Внутренний голос как чужой
Амбивалентность в голосе советских киногероев 30-х годов отделена от гендерных маркировок и перенесена на социальные – в сюжет раздвоения реальности и иллюзии, составляющие основу драмы. Это отличает первую звуковую работу Льва Кулешова и Леонида Оболенского – фильм по мотивам биографии и рассказов О. Генри «Великий утешитель» (1933).
Писатель Биль Портер сидит в тюрьме и сочиняет рассказы со счастливым концом. Молодого заключенного Джимми, умирающего в тюрьме, он делает в этих рассказах удачливым вором-джентльменом, получающим помилование за спасение ребенка из закрытого сейфа и руку дочери губернатора в придачу. Жертвой утешителя становится его читательница, продавщица Дульси, которая не может найти в жизни то, что ей обещает воображение Портера: романтическую любовь и благородного сыщика.
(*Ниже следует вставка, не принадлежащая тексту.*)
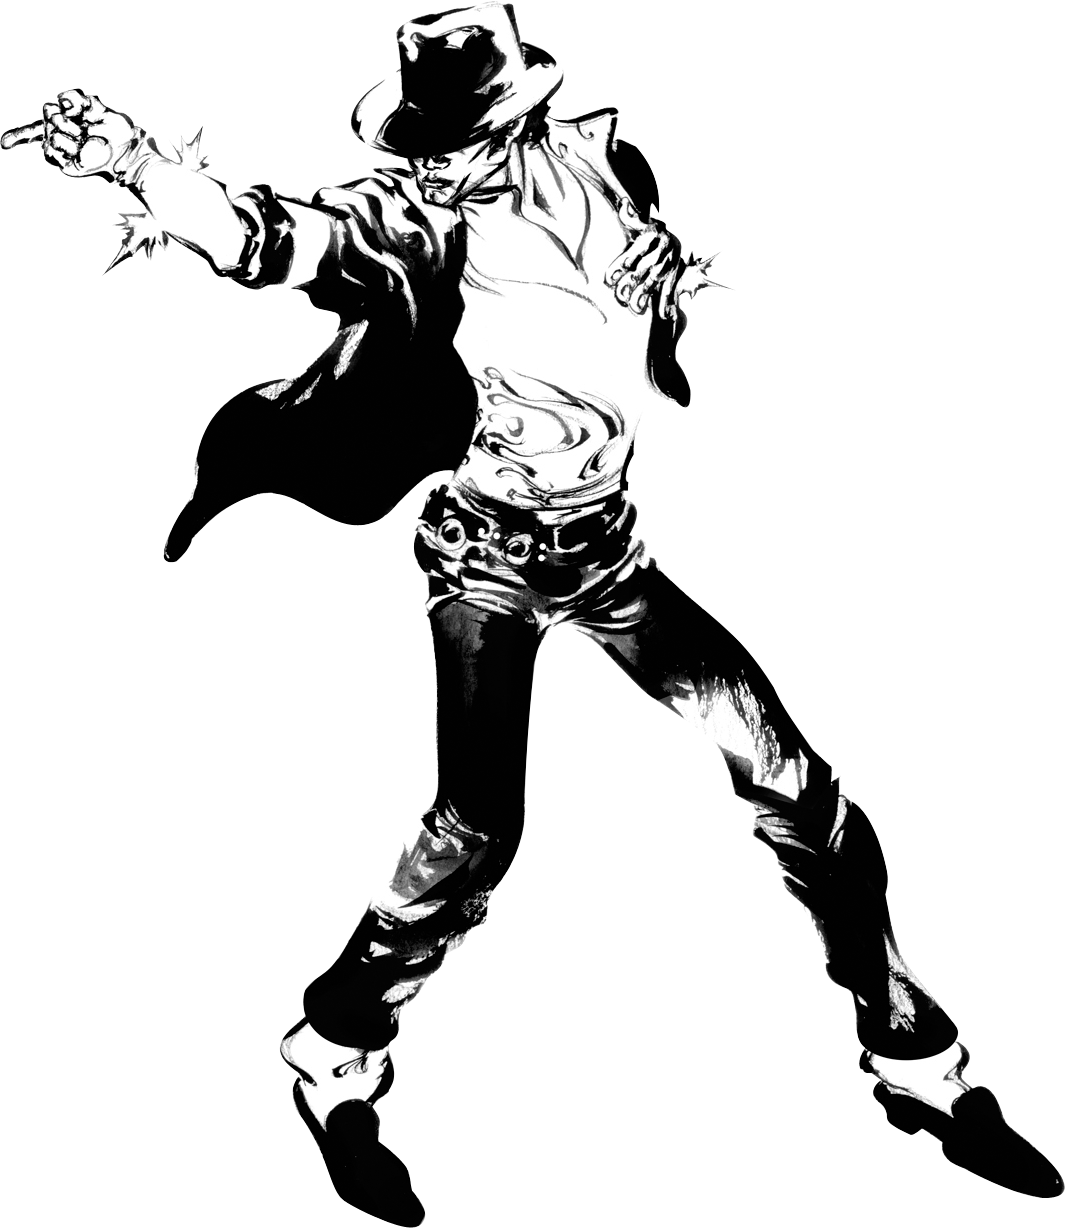 Iconic Michael Jackson Dance Pose PNG image

Социальная драма кончается, как в русском дореволюционном кино, на несчастливом конце с обманутыми иллюзиями, бессмысленным преступлением и совсем не романтической смертью.
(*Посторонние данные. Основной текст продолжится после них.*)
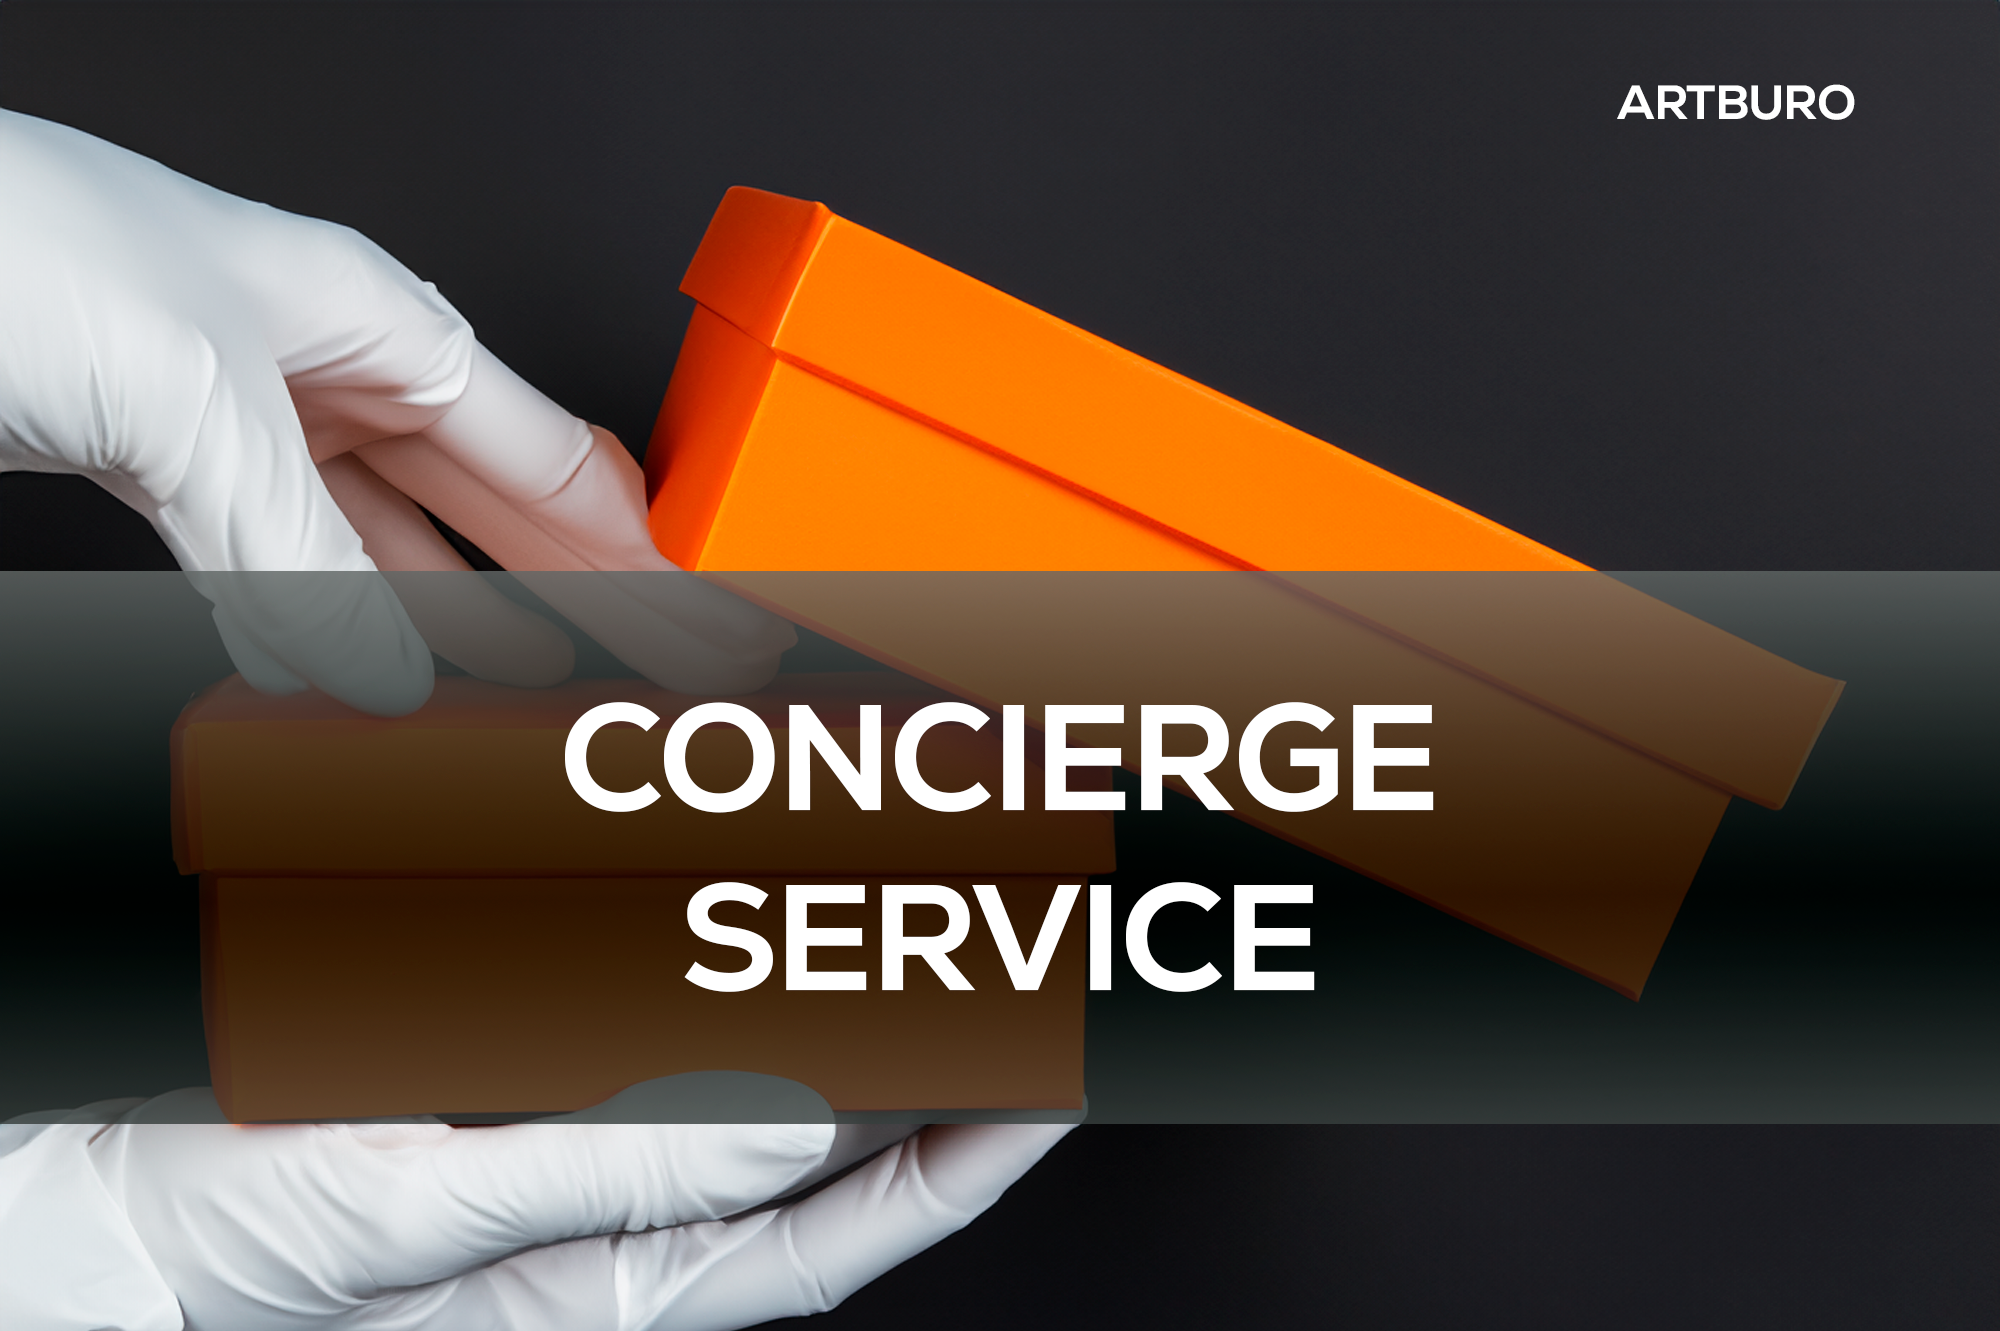 ARTBURO - Concierge Service

Звуковая дорожка фильма построена из монтажа несоединяемых звуковых элементов. Музыка кончается, когда начинается диалог. Актеры терпеливо дожидаются конца реплики партнера, оставляя ощутимую паузу перед началом своей, что создает искусственную атмосферу общения. Многие сцены идут в напряженной тишине – с немногими шумами. Вздох облегчения или вспышка фотоаппарата, воспринимающаяся как взрыв, оттеняет драматическое молчание, которое соседствует со звуковой пустотой, с провалами звука, характерными для первых тонфильмов (после окончания реплики звуковая дорожка полностью убирается). Благодаря этой аскетичности фильм записан чисто и актеры пытаются голосом создать константные характеристики героев. Андрей Файт дает сыщику Бену сиплый зажатый (сифилитичный, неприятный, напряженный) голос. Константин Хохлов в роли Биля Портера поет московским сладкозвучием, в котором иногда узнаются интонации Вертинского (его реплика «А вот сижу здесь» звучит как строчка из песенки). Голос Хохлова сопровождает немую часть фильма, которая экранизирует воображение О. Генри в жанре имитированной американской комической и представляет счастливую жизнь элегантного гангстера Джимми. В этой части интересна замена голосов полицейского и вора традиционными титрами и нетрадиционно чужим голосом Хохлова, который читает реплики Джимми и Бена, подложенные под немые рты. Но голос самого рассказчика пародийно остраняется иронической музыкой, на которую положены его реплики. При этом тембр голоса Хохлова в роли рассказчика изменен: низкие частоты были срезаны в лаборатории, так что глуховатый голос актера начал звенеть, вплетаясь в прозрачную оркестровку музыки. сделанную Зиновием Фельдманом[556].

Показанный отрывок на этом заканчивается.